**TASK DESCRIPTION:** Under this line is some data; print exactly the lines from the one containing "Peacock around my" through its last line, without pictures.

**DATA:**
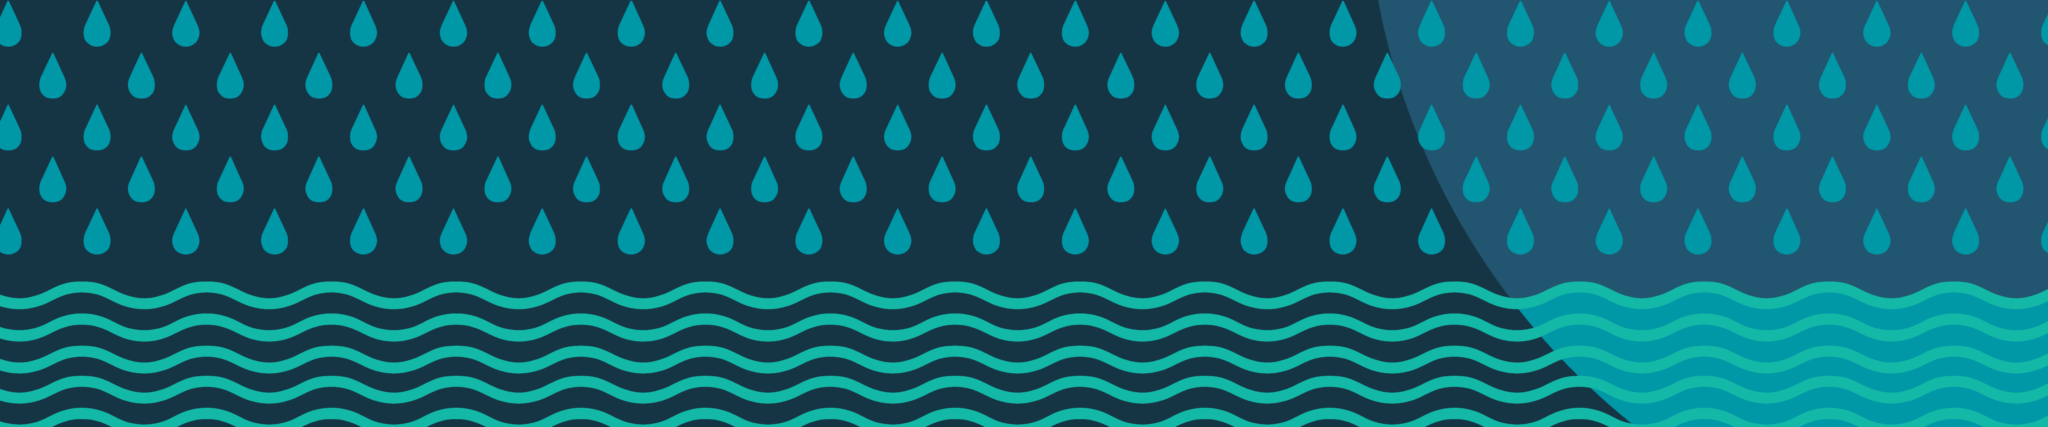 illustration of rain and flooding
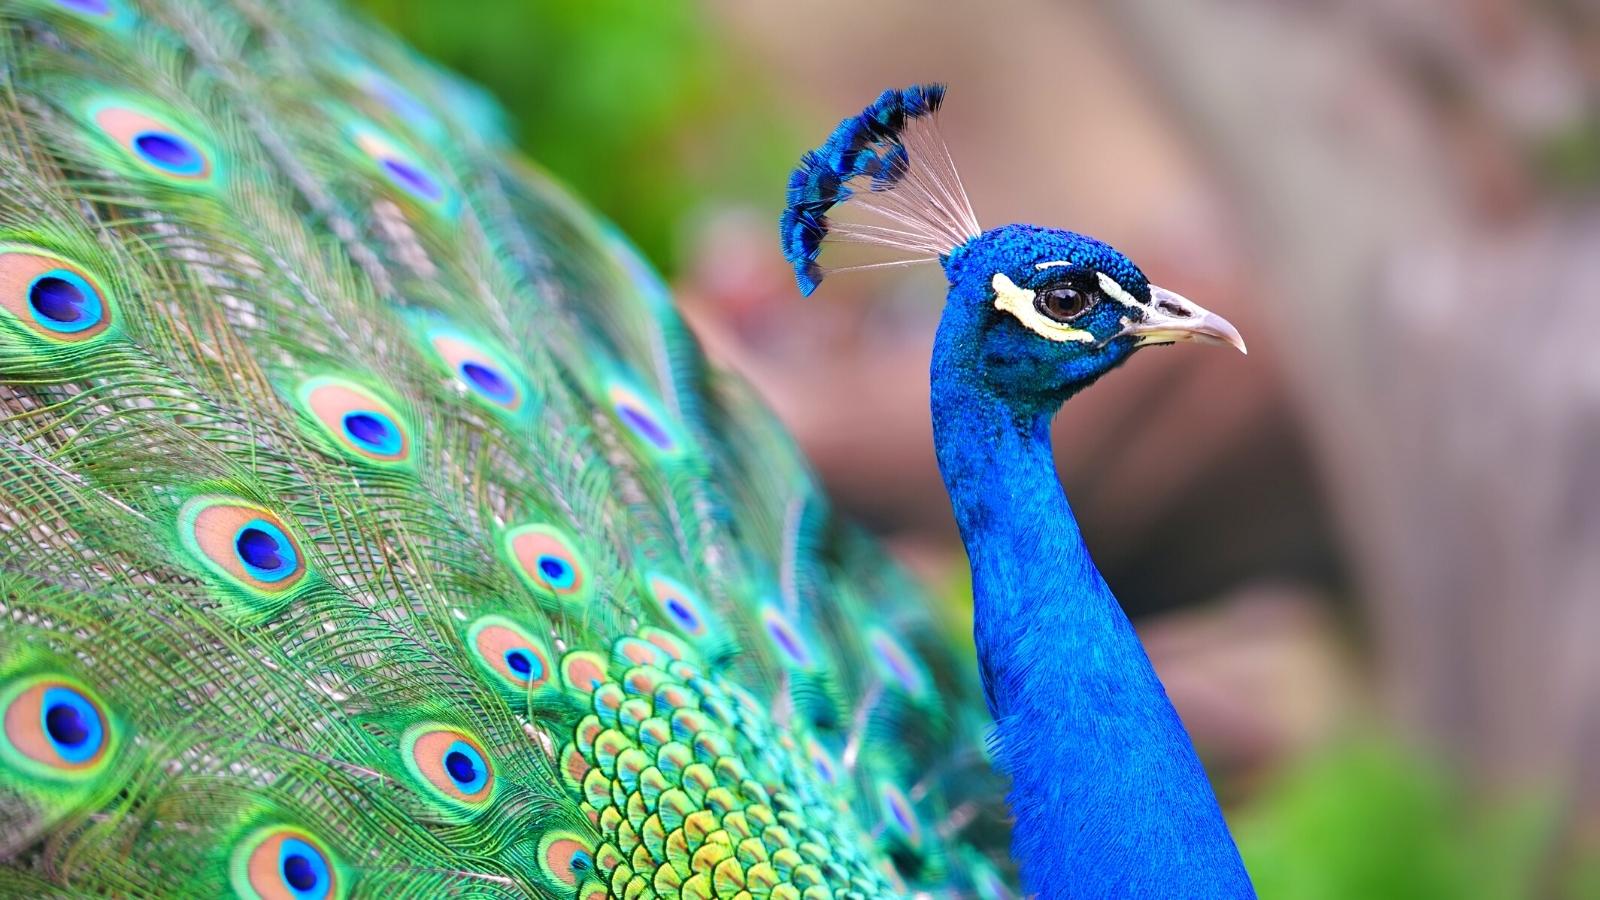 Peacock around my home - Understanding your dreams - Kaya
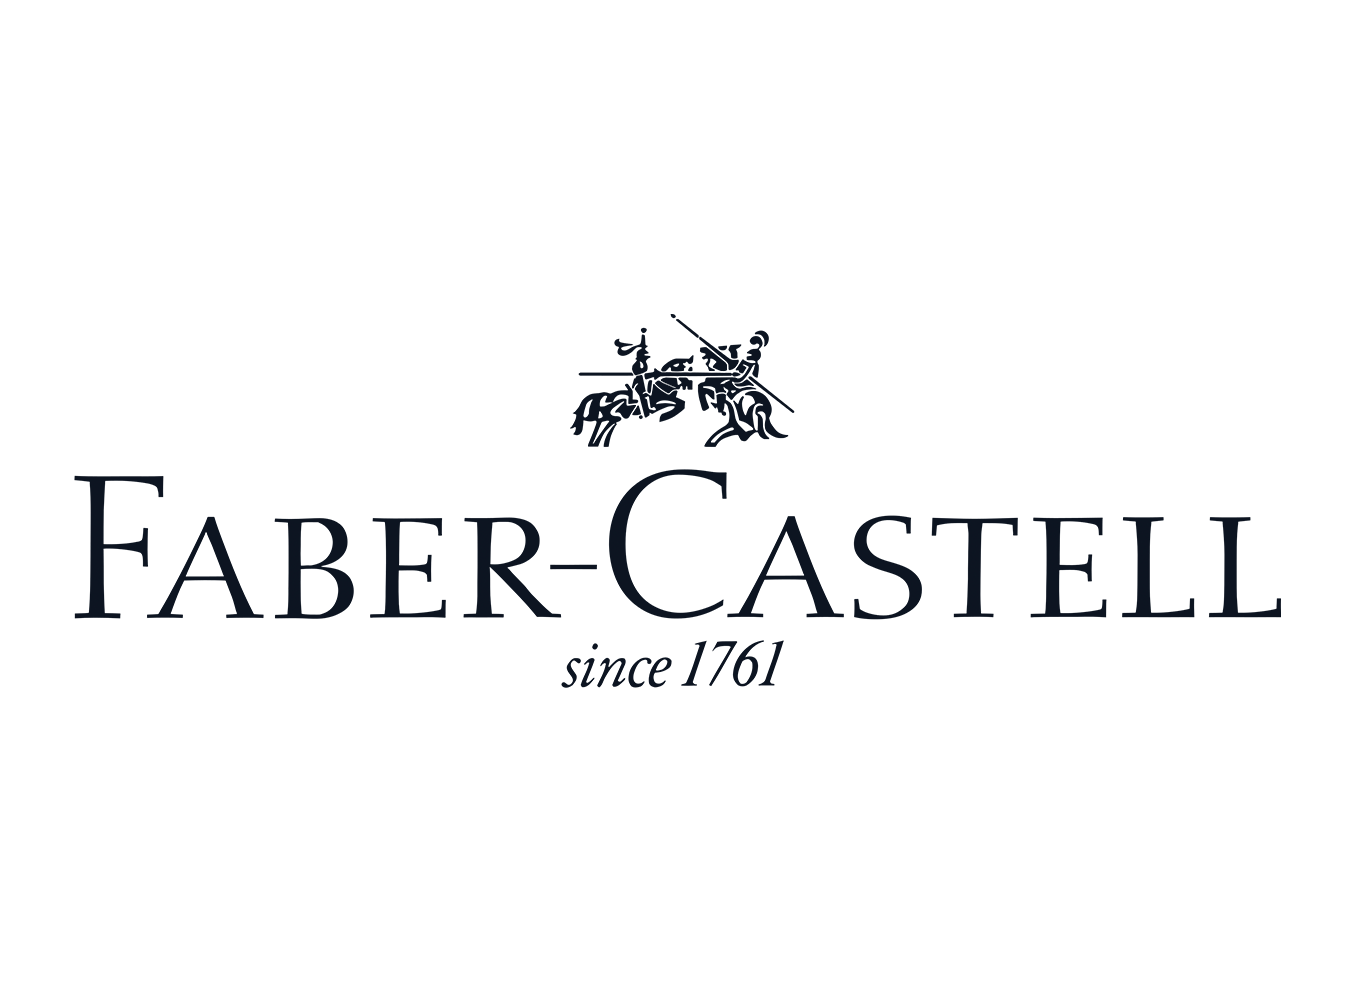 Logo Faber Castell

**TASK RESPONSE:**
 Peacock around my home - Understanding your dreams - Kaya
 Logo Faber Castell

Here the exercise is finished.